Management Commentary

  • “2023 was a record year for PetIQ… significantly exceed[ed] the top and bottom line guidance… improved the Company's net leverage to a record low.” — Cord Christensen, CEO .
  • “Our marketing budget for 2023 was $40 million… we… spend an incremental $4 million… $3 million… in Q4 2023… Included [in] 2024… an incremental $12 million of marketing… $6 million… funded by… Services segment optimization” .
  • “Adjusted gross profit… included a drag of approximately $1.2 million or 60 bps from our Services segment optimization… if you take this into account… adjusted gross margin would be… 21.3%” — Zvi Glasman, CFO .
  • “For 2024 we expect… net sales of $1,130 million to $1,180 million… adjusted EBITDA of $109 million to $114 million… first half ~56% of annual net sales” — CFO .
  • “Weather and the quality of the flea and tick season [are] the greatest variable… [and] Rocco & Roxie supplement launch… could see some meaningful upside” — Management Q&A .

Q&A Highlights

  • Guidance upsides/risks: Weather-driven flea & tick season is the largest swing factor; premium Rocco & Roxie supplement launch could provide upside; guidance assumes mid-fairway outcomes .
  • Margins: Management reiterated ~50 bps gross margin expansion expected in 2024; clarified Q4 adjusted gross margin was depressed by Services inefficiency not adjusted out .
  • Services savings & reinvestment: ~$6M Services savings plus ~$6M from operations fund ~$12M marketing step-up; expect Services to normalize in 2024 as community clinics expand .
  • Retail resets/ACV: Health & wellness resets in next 4–6 weeks; treats resets later in Q2; expect broader exposure to drive growth in 2H .
  • Capital structure/EPS: Convert accounting may add ~4.8M shares to diluted EPS calc in certain 2024 quarters; management has “no intention” to settle converts in shares .

Estimates Context

  • S&P Global Wall Street consensus data for PETQ was unavailable through our system at the time of analysis; therefore, we cannot quantify Q4 2023 revenue/EPS/EBITDA vs Street estimates (values unavailable from S&P Global).
  • Company commentary indicates Q4 adjusted EBITDA exceeded implied company guidance of $6.2–$10.2M, despite ~$3M incremental marketing expense, suggesting an internal guidance beat on profitability .

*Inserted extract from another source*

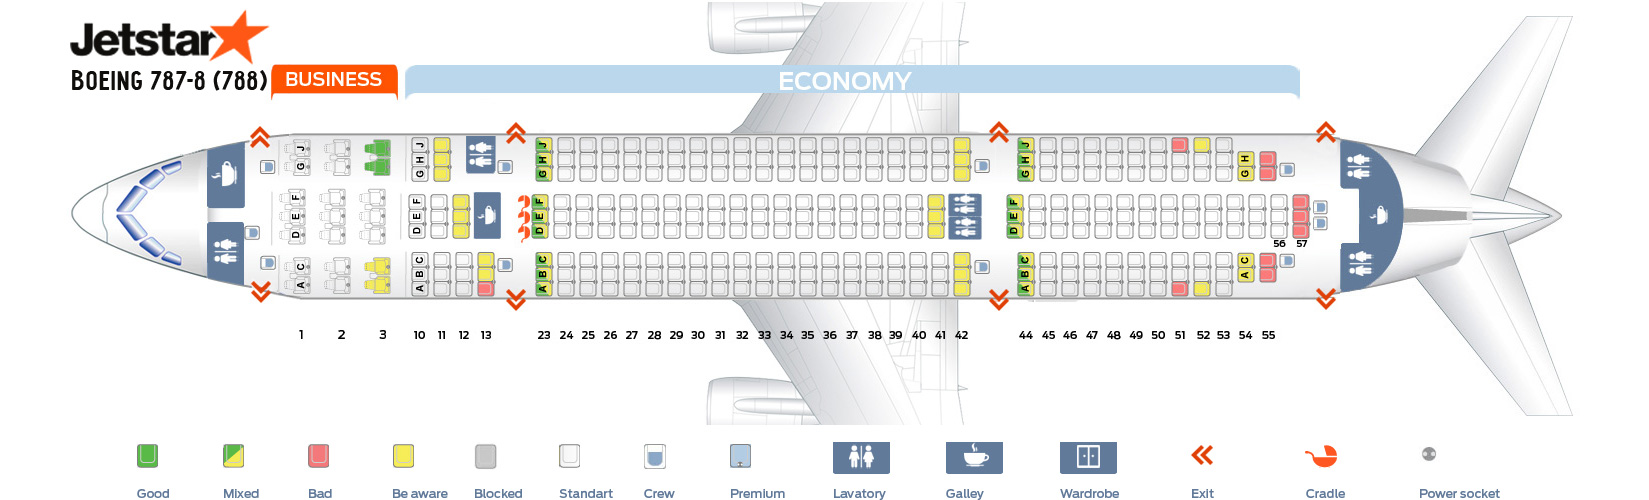 Seat map Boeing 7878 Dreamliner Jetstar. Best seats in

Key Takeaways for Investors

  • Product engine is driving: manufactured brands (flea/tick, supplements, dental/treats) materially outperformed categories, with Rocco & Roxie expanding and a premium supplement launch near-term—supports 2024 top-line guide and share gains .
  • Services reset behind them: 149 closures completed; expect normalized operations and margin benefit in 2024, though Q4 showed temporary inefficiency; savings are being redeployed to higher-ROI brand spend .
  • Margin trajectory intact: management targets ~50 bps gross margin expansion in 2024; watch mix (distribution vs manufactured) and Services efficiency as key drivers .
  • Weather remains the swing factor: flea/tick seasonality introduces variability; guidance assumes normalization; upside if conditions mirror 2023 strength .
  • Cash generation and leverage trends are favorable: record FY23 cash from ops and improved net leverage provide flexibility to fund growth while managing debt .
  • Retail shelf momentum: near-term resets (H1) in health & wellness and later in treats should support ACV gains and 2H consumption, an important catalyst for run-rate acceleration .
  • EPS optics: diluted share count could fluctuate in 2024 due to convert accounting; monitor EPS comparability by quarter .

Appendix: Additional Q4 details

  • Q4 net sales: $219.9M; Products $191.3M (+21.6%), Services $28.6M (+6.9%); gross margin 20.0%; adjusted gross margin 20.7% .
  • Q4 GAAP net loss $(17.5)M; adjusted net loss $(3.4)M; adjusted EBITDA $12.0M (5.5% margin) .
  • Key adjustments: $5.1M restructuring (incl. $1.6M in cost of services), $7.7M non-cash asset charge related to expected Mark & Chappell sale .
  • FY23 highlights: net sales $1,102.0M; adjusted EBITDA $104.7M; cash from ops $61.9M; free cash flow $52.7M; net leverage 2.9x .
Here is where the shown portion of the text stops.